# Knitca is offering this Baby Hat pattern for free - so cute!



## KnitNorth (Mar 7, 2013)

http://www.knitca.com/sites/www.knitca.com/files/cutie_hat.pdf


----------



## Bonnie7591 (Nov 15, 2011)

Thanks for sharing.


----------



## In Memory of Scottybear (Sep 20, 2011)

Thanks for the link. Have downloaded the pattern.


----------



## LizzyM (Mar 13, 2011)

Love it! Think I'm going to make it in Christmas colors for the granddaughters of a friend!


----------



## Palenque1978 (Feb 16, 2011)

It is a cutie... thanks lots! My little grand-niece and -nephew will love it.


----------



## janielha (Dec 20, 2012)

VERY cute! Thanks for sharing.


----------



## marilyngf (Nov 5, 2011)

for some odd re4ason I cannot get into that site. It keeps telling me it is FOREBIDDEN....Any ideas would be helpful. Thank-you


----------



## Featherstitcher (Apr 9, 2011)

That really is a cutie- thanks!


----------



## KnitNorth (Mar 7, 2013)

Perhaps the problem is my original link takes you directly to the PDF.
Try this; they don't have a lot of free patterns anyway. The one you're looking for is called 'Cutie Hat'.
http://www.knitca.com/freepatterns


----------



## marilyngf (Nov 5, 2011)

KnitNorth said:


> Perhaps the problem is my original link takes you directly to the PDF.
> Try this; they don't have a lot of free patterns anyway. The one you're looking for is called 'Cutie Hat'.
> http://www.knitca.com/freepatterns


As soon as I try to enter the site a big 403 forbidden comes up.
Thank-you for trying to help though..Marilyn


----------



## Ginette Alice (Mar 25, 2012)

Thanks for sharing. :lol:


----------



## KnitNorth (Mar 7, 2013)

Really? That's strange. Perhaps if you just tried Google'ing knitca, then click on their home page in the list you are presented.
I see your home is Canada and Knitca is a Canadian site.
Good luck!


----------



## Irene H (Nov 19, 2012)

Very cute. Thanks for the FYI. Definitely on my save list.


----------



## 13068 (Mar 23, 2011)

This hat is adorable! Thanks for the link!


----------



## didough (May 30, 2011)

marilyngf said:


> As soon as I try to enter the site a big 403 forbidden comes up.
> Thank-you for trying to help though..Marilyn


Try this link

http://www.knitca.com/catalog/13

Top of page click on green Free Patterns


----------



## marilyngf (Nov 5, 2011)

That still won't let me in I never have problems with other sites..guess this one doesn't like me.


didough said:


> Try this link
> 
> http://www.knitca.com/catalog/13
> 
> Top of page click on green Free Patterns


----------



## didough (May 30, 2011)

marilyngf said:


> That still won't let me in I never have problems with other sites..guess this one doesn't like me.

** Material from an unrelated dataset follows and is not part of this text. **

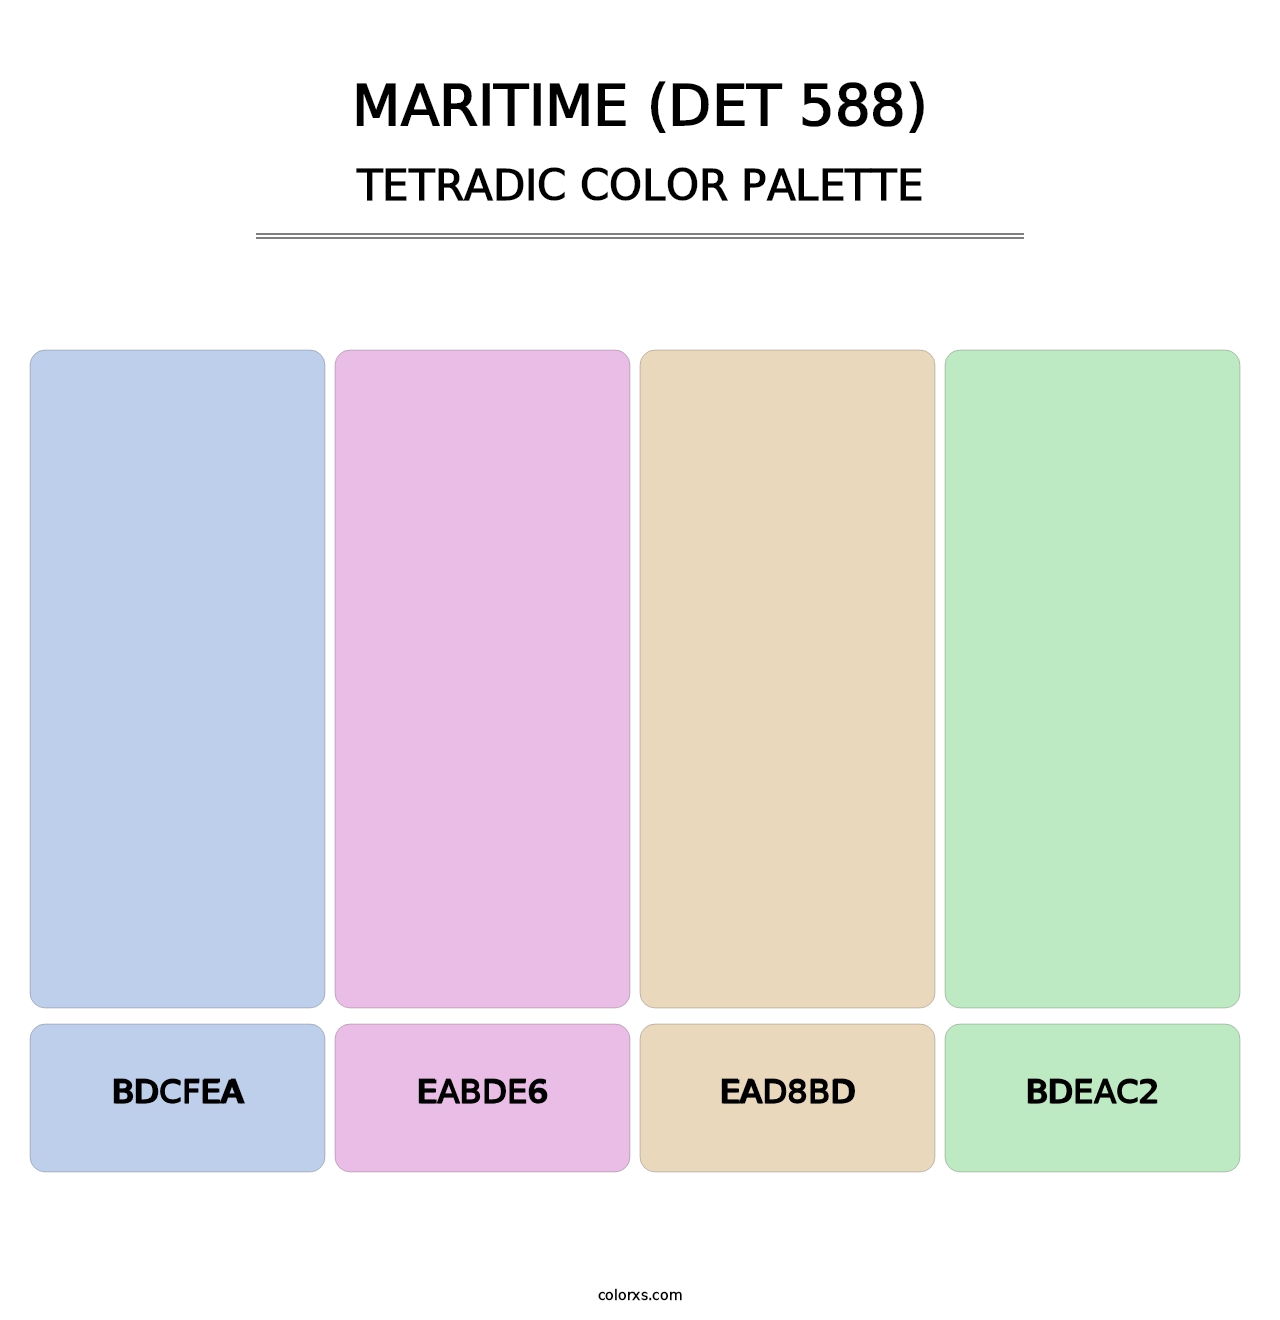 Maritime (DET 588) - Tetradic Color Palette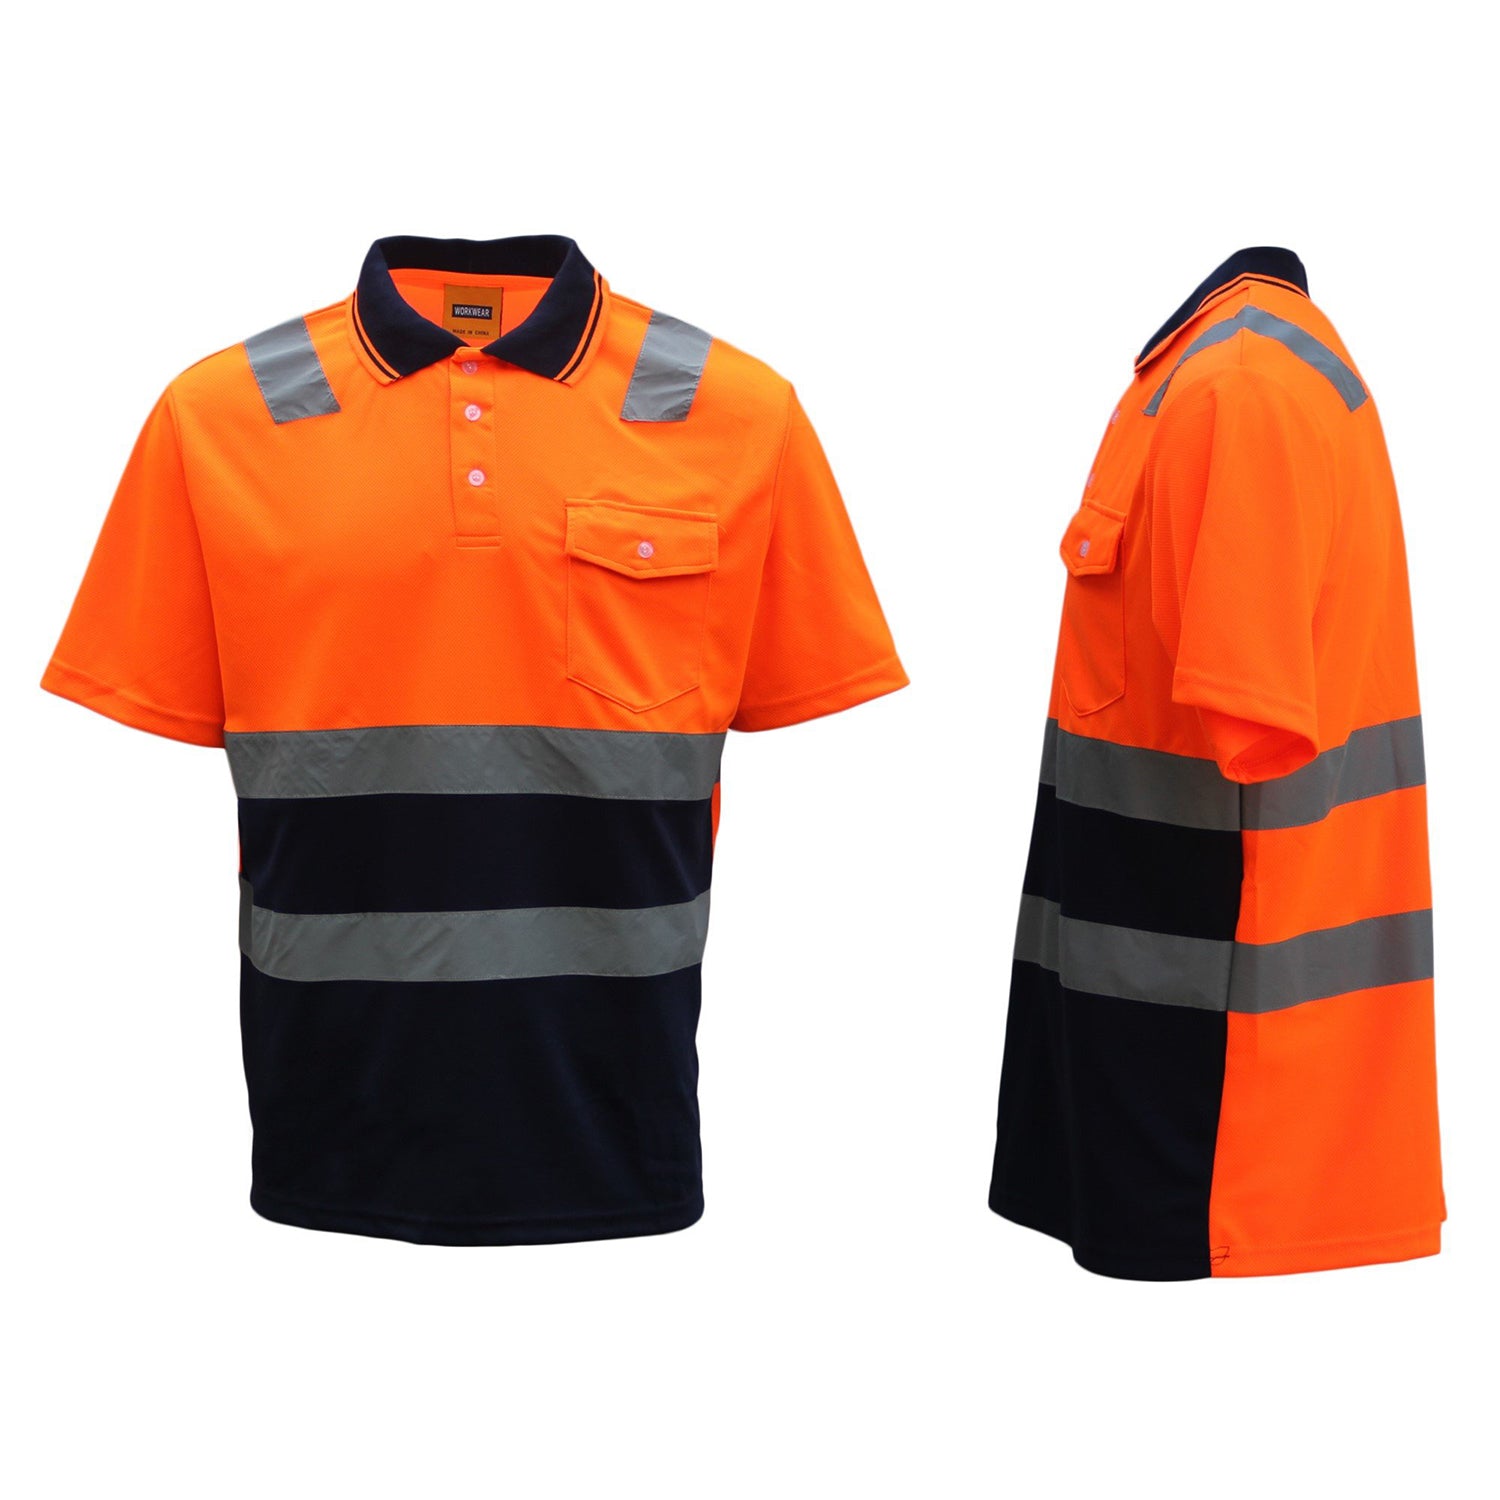 HI VIS Short Sleeve Workwear Shirt w Reflective Tape Cool Dry Safety Polo 2 Tone, Fluoro Orange / Navy, 2XL

Sending you a PM, so I can send you the PDF direct - Di


----------



## marilyngf (Nov 5, 2011)

Thank-you so much...I finally was able to download this pattern. Special thanks to didough for sending it to me.


----------



## didough (May 30, 2011)

marilyngf said:


> Thank-you so much...I finally was able to download this pattern. Special thanks to didough for sending it to me.


My thanks to KnitNorth for original link - Di


----------



## Chemchic (Dec 16, 2012)

Love it! got to make this one.


----------